You can demonstrate this simply by drawing a steep and a shallow CL :alpha curve on a piece of paper. Now apply the same change in alpha to both curves and see how the CL varies.

The effect of altitude is discussed above.

So option b is correct.

[ 19 January 2002: Message edited by: Keith Williams. ]</p>

Keith Williams IS the king of POF!

Only experienced his expert teaching on PPL ground school, but my word this guy is good!

Cat3 Autoland,

Thanks for the plug, but if my teaching was so good why did you look so puzzled?

. .Crosswind Limits.

Here are my answrers to the questions above.

1. b.. .Sweeping back the wings decreases aspect ratio. Decreasing aspect ratio decreases the gradient of the CL:Alpha curve. So for any given gust induced change in alpha, the CL change will be smaller for a swept wing than for a straight one. So increasing sweep back angle decreases gust load in any given gust.
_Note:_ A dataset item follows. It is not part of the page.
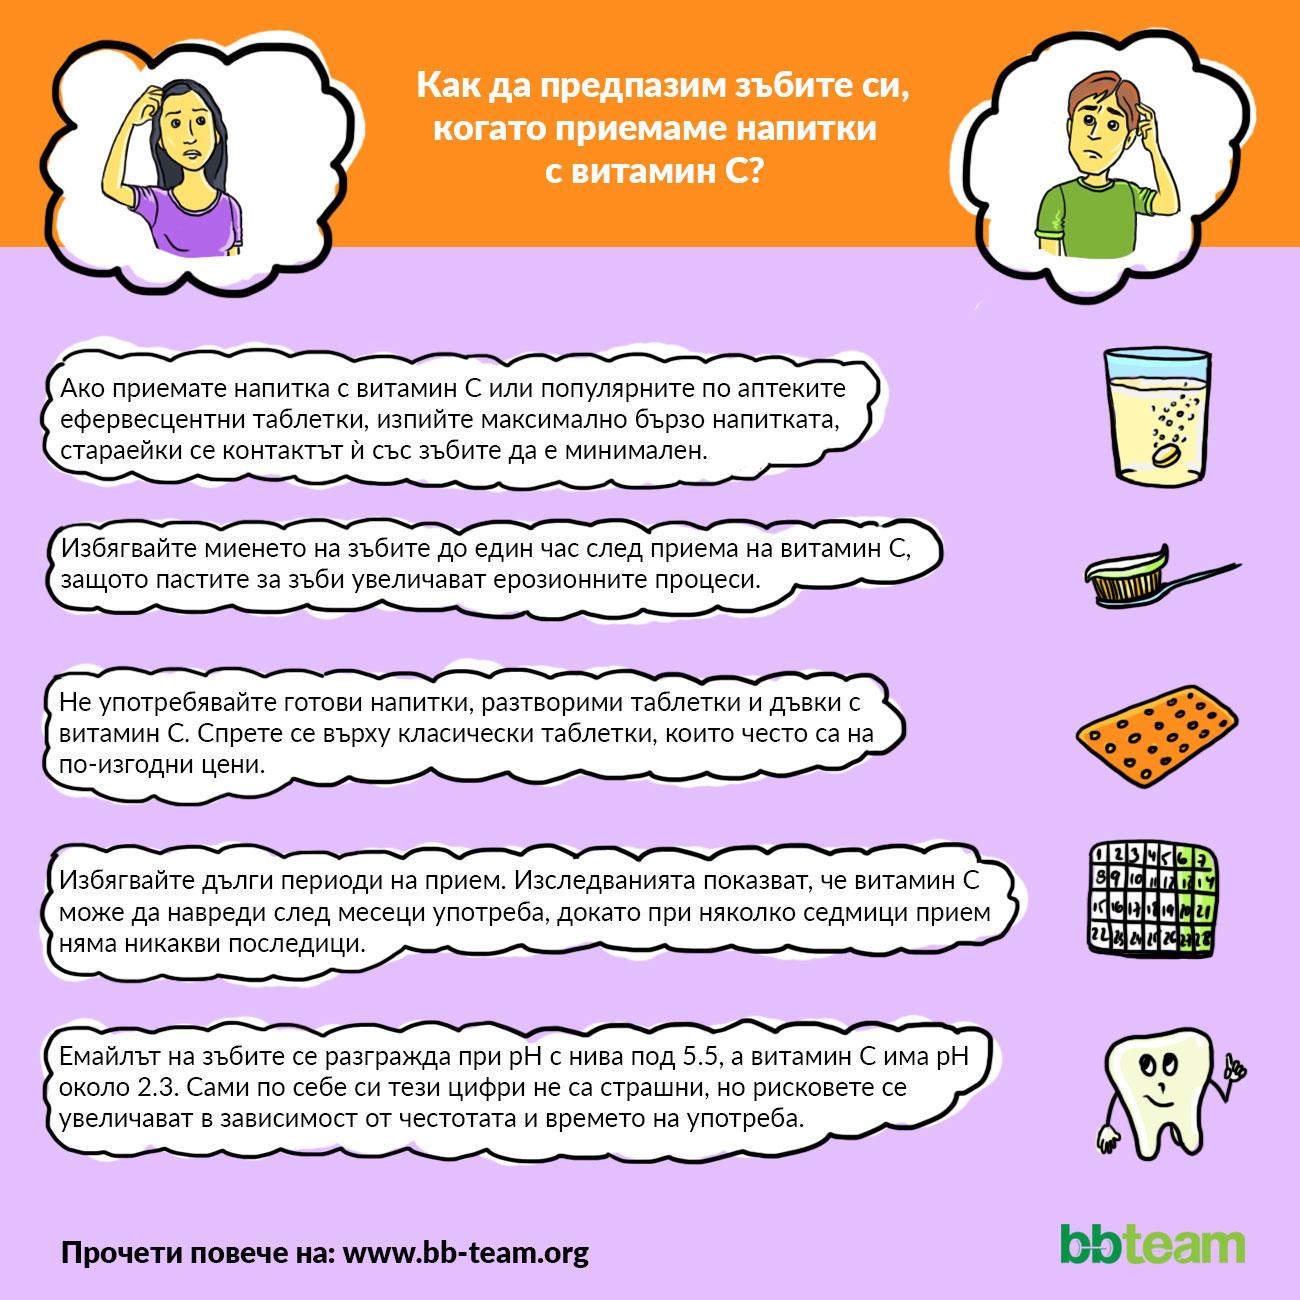 Как да предпазим зъбите си, когато приемаме напитки с витамин C? [инфографика]

. .2. b.. .The CL: alpha slope is a straight line up to the stall, so doubling the intensity of the upward gust would double the increase in CL. A gust causing a 1 degree increase in angle of attack increased CL by 0.15 from 0.55 to 0.7. A gust of twice this intensity would therefore increase CL by twice as much which is an increase of 0.3.
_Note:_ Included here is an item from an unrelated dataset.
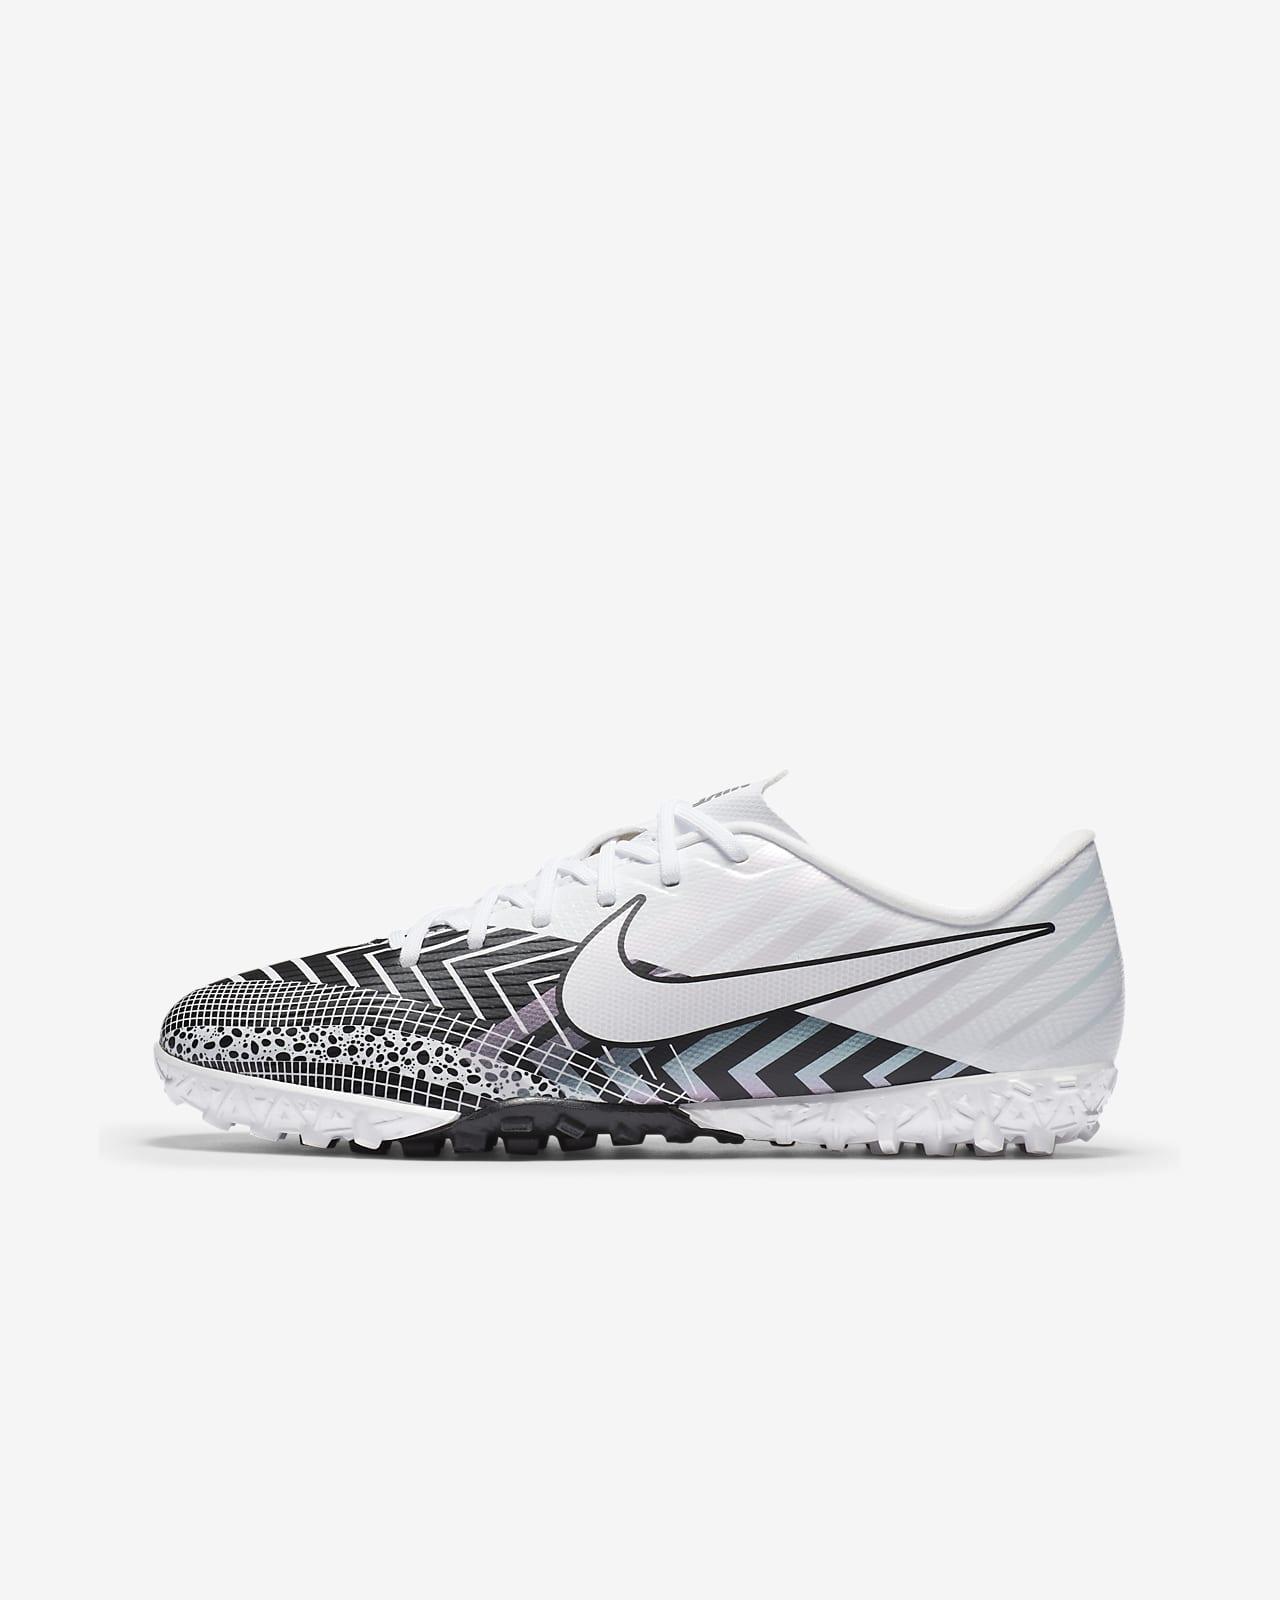 Fotbollssko för grusturf Nike Jr. Mercurial Vapor 13

. .3. b.. .The CL : Alpha curve is a straight line up to the stalling angle, so within this range, if a 1 degree increase in alpha produces an increase of 0.06 in CL, then a 5 degree increase in alpha will produce an increase of ( 5 x 0.06 = 0.3) in CL.

Load factor = lift / weight and in straight and level flight this equals 1. So assuming the aircraft was in straight and level flight prior to the gust, its load factor would have been 1. Although the weight of the aircraft is not given, its load factor of 1 can be expressed as a ratio of CL to some figure representing weight, provided the ratio of the two is equal to 1. That is to say the load factor before the gust equals 1 which can be expressed as 0.44 / 0.44.

. .On this basis the load factor in the gust is equal to the new CL / 0.44 which is = (0.44 + 0.3) / 0.44.

The new load factor is therefore 0.74 / 0.44 which is 1.68.